Remember the guy on the Ed Sullivan Show who would dazzle the audience with his ability to spin plates, cups, and bowls on dowels? Eric Brenn’s talents were the perfect symbol for this recovering Type A+ workaholic and overachiever. I have been able to balance work and play, housekeeping, bill paying, income earning, traveling, caregiving with sometimes astounding skill. Despite those accomplishments, I still doubt that I am as capable and competent as that would indicate. No matter how much feedback I receive, I often feel that I need to maintain that pace or I would fall short or at least drop a few plates. Not sure where that whirlwind originated but it has been a nearly constant companion for as long as I can recall. On any given day, I can be found teaching, writing, counseling, networking, promoting, and creating. Call it an occupational hazard, since as a Social Worker I have, of necessity, needed to be on the phone and documenting at the same time.
A few days ago, I was sitting with tiny humans (3-4 year-olds) teaching mindfulness and yoga. My job was to help them slow down the chattering monkey mind. Thing is, in order for them to learn it, I needed to model it. Even as I was doing so, I was immersed in an awareness that I had to keep them entertained and attentive. Not so mindful. At least they laughed and smiled and hugged me afterward. Nothing like being hug swarmed by kiddos. The perfect reward.

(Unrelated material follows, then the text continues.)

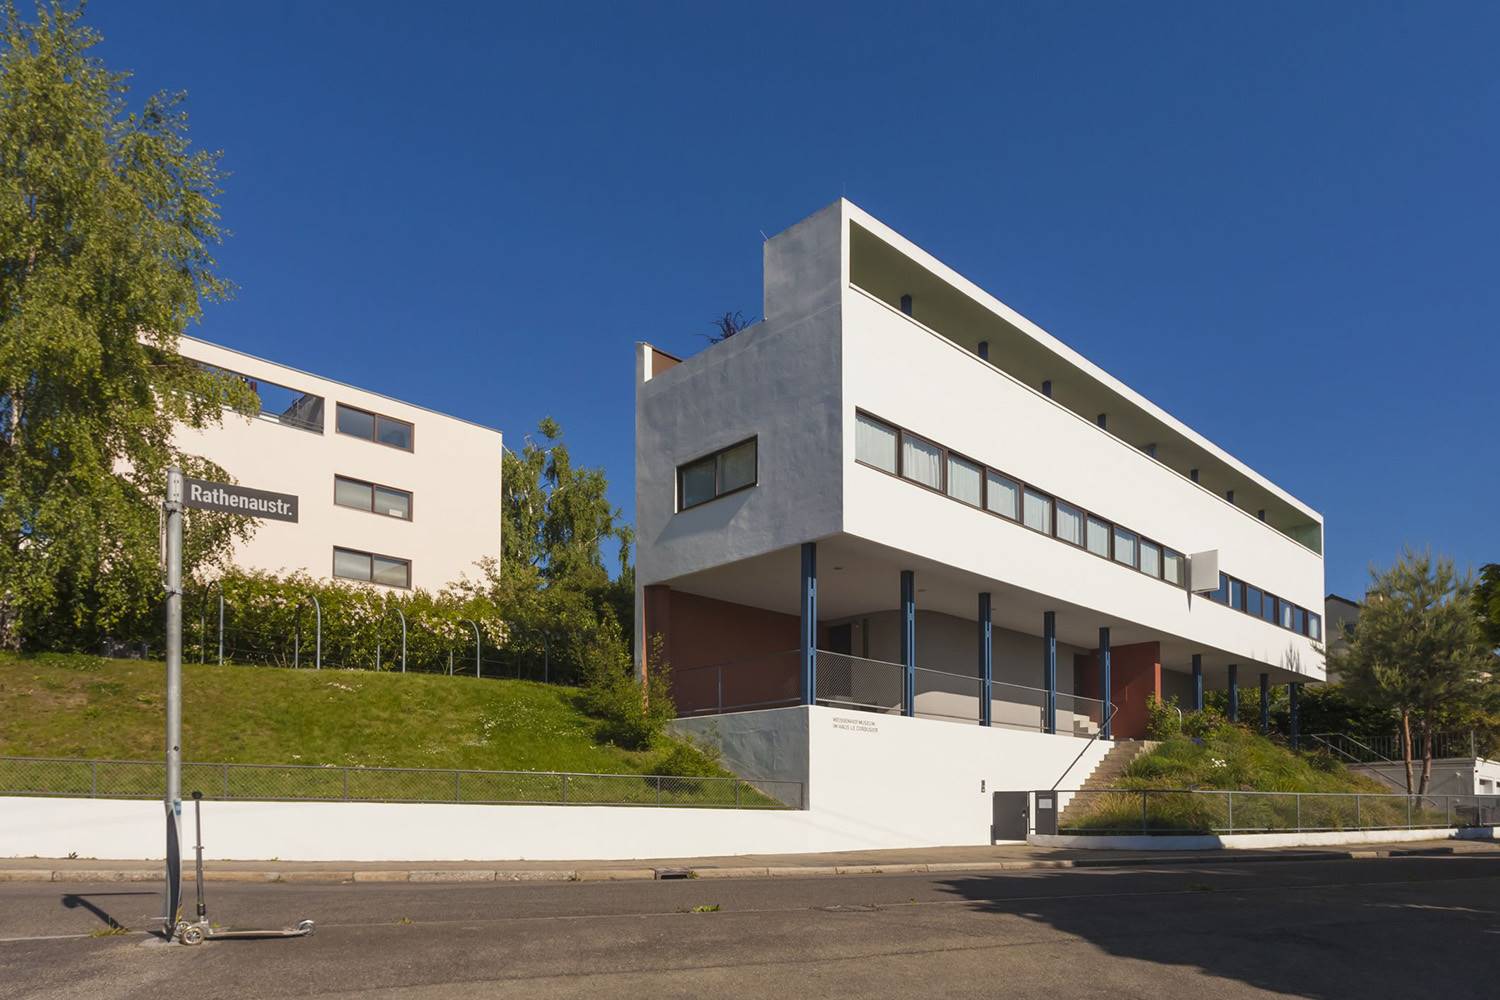 Casa doble en la Weissenhofsiedlung, Stuttgart, Le Corbusier (1927)

As the mother of a now 31-year-old son, I have been called on to keep those plates spinning as well. It meant working a full-time job and a few part-time jobs and raising him as a single parent since I was widowed when he was 11. There were times when I wondered whether I had the skills to do it all.
I was watching my favorite show, This Is Us (season finale tear jerker) and a particularly poignant scene occurred between Kate who had just given birth to a micro-preemie and Rebecca the family matriarch who came to stay with Kate and Toby and help care for her new grandson. Rebecca had been helicoptering with her daughter and baby Jack (so named for her husband who had died tragically when her children were 17) since he had serious health issues. She took copious notes as dictated by the nurse in the NICU so that the family could provide for him once he was discharged from the hospital. Kate felt her power was being usurped. Rebecca, feeling rejected, left to lick her wounds. Shortly after, Kate experienced remorse and went home to talk with her mother. There came a speech that had Kate acknowledging that she idealized Rebecca’s mothering skills since she always seemed to know what to do and Kate felt inept and in her shadow. She used the term “Rebecca Pearson Magic.” I cried when I heard that since I could easily have said that about my mother Selma. She too always seemed to have the answers and was a consummate problem solver and yes, multi-tasker, who raised my sister and me with my father, worked several part-time jobs when we were young and then a full-time job when we were old enough to be latchkey kids. She also volunteered in our community, had a social life and an exquisite marriage. I, on the other hand, felt like I sometimes stumbled through parenting and could never match up to my own maternal expectations. I often imagined being able to do it all with the grace and ease that my mother seemed to embody. As Adam approaches 32, I am cutting myself some slack and I think he has let me off the hook for my missteps. He has a good life, the kind any mother would be proud of. He is married to the love of his life, they have a beautiful home, wonderful friends, he has a job he enjoys and has gotten good at what my daughter-in-law calls #adulting.
I polled my mother-friends about their ability to do it all, to the best of their abilities.
“I did in my 20’s and 30’s. Full-time career, home responsibilities, after-school activity, and a whole lotta coffee !!! I’ m grateful I was a lot younger. Could not see me doing all I did later in life! Yet I signed up for it!”
“With kids with medical issues, I couldn’t. I left my work in January. I miss it sometimes, but everyone is happier.”
“Minimal sleep and lots of self-care and balance.”
“I was a single parent for a long time. Even when I married, I was still a single parent. She was always my responsibility. I’m going to say powerful Maternal Instincts, perseverance, and help from my Mom.”